TASK TO COMPLETE: Once the line with "saint laurent platform" is found in the entries below, repeat it and each following line exactly, up to and including the line with "Babo Botanicals Zinc Sunscreen Lotion SPF 30". Add no other lines.

EXERCISE DATA:
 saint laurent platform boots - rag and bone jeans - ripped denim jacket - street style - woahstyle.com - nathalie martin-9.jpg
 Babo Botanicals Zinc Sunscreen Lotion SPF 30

...

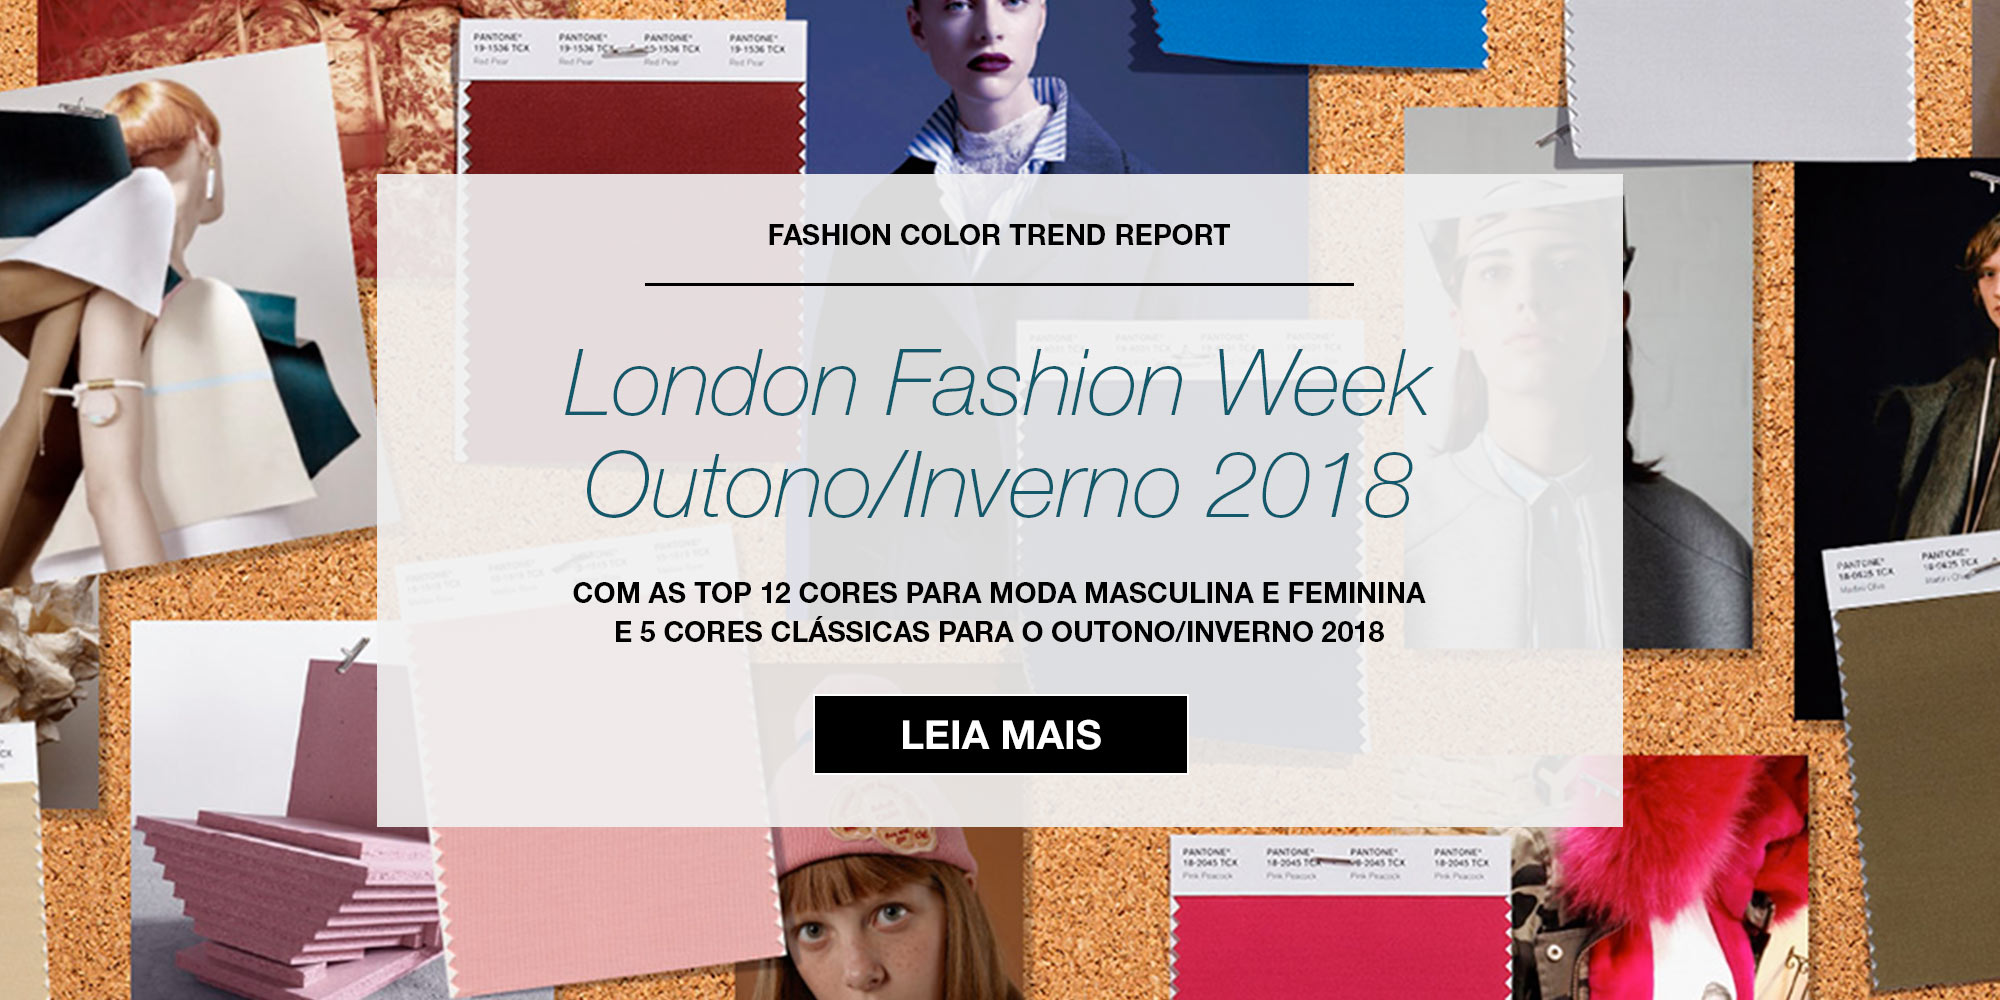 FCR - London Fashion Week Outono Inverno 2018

TASK RESULT:
 saint laurent platform boots - rag and bone jeans - ripped denim jacket - street style - woahstyle.com - nathalie martin-9.jpg
 Babo Botanicals Zinc Sunscreen Lotion SPF 30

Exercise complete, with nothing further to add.